Frequently Asked Questions
What is the difference between markup and margin?
Markup is calculated as a percentage of the cost price. Margin (gross margin) is calculated as a percentage of the selling price. For example, if your cost is $100 and you sell for $150: your markup is 50% (profit ÷ cost), but your margin is 33.3% (profit ÷ selling price). Many business owners confuse these — our calculator shows both clearly.
How do I calculate my break-even point?
Break-even point in units = Fixed Costs ÷ (Selling Price per unit − Variable Cost per unit). The denominator is your "contribution margin" — the amount each sale contributes toward covering fixed costs. Once total sales cover all fixed costs, every additional sale generates profit. Our Break-Even Calculator shows this in both units and revenue.
What is a good gross profit margin for an Australian small business?
Gross margin varies widely by industry. Retail typically achieves 20–50%, services can be 50–80%, while manufacturing is often 25–40%. A healthy gross margin should cover operating expenses and still leave net profit.
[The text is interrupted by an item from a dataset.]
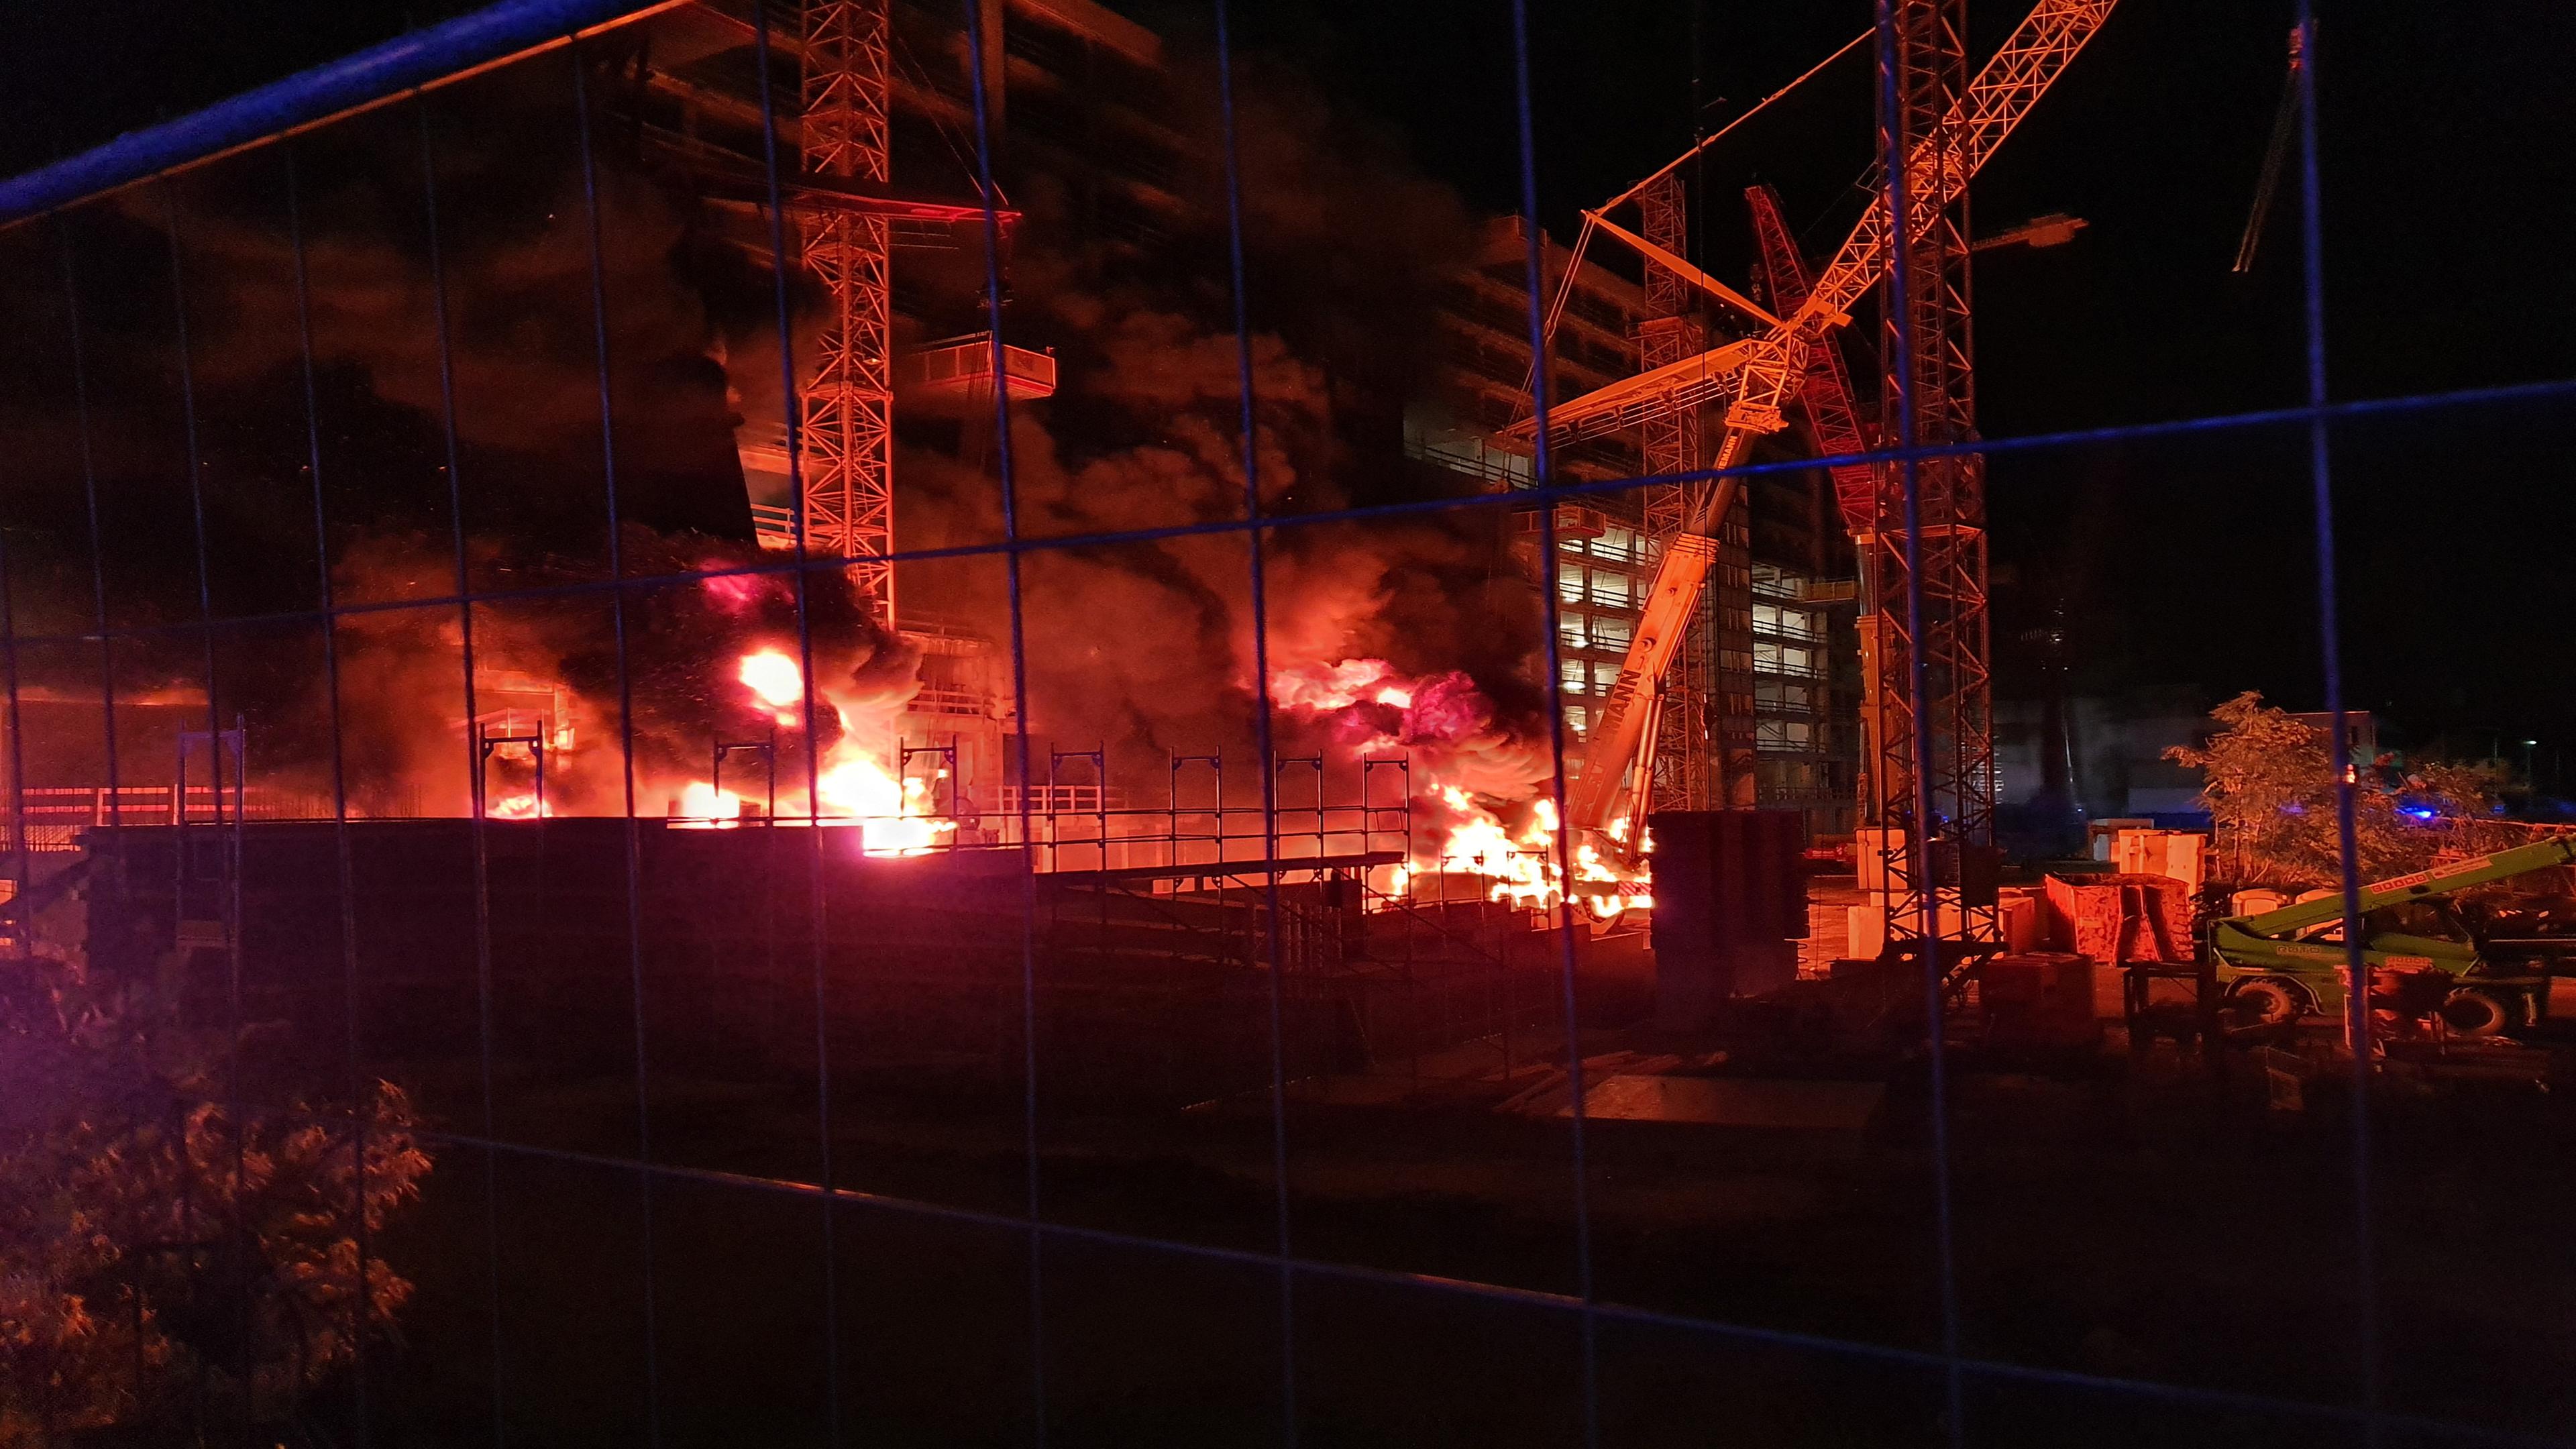 "Albtraum Wohnen": Blick durch den Bauzaun auf eine nächtliche Baustelle. An zwei Stellen stehen Maschinen in Brand.

If your gross margin is too low, you may need to either raise prices or reduce cost of goods sold.
Should I include GST in my break-even calculation?
No — break-even calculations should use ex-GST prices. GST is collected on behalf of the ATO and is not part of your revenue or costs. Use prices excluding GST for all your markup, margin and break-even calculations. Use our GST Calculator to quickly convert between inc-GST and ex-GST prices.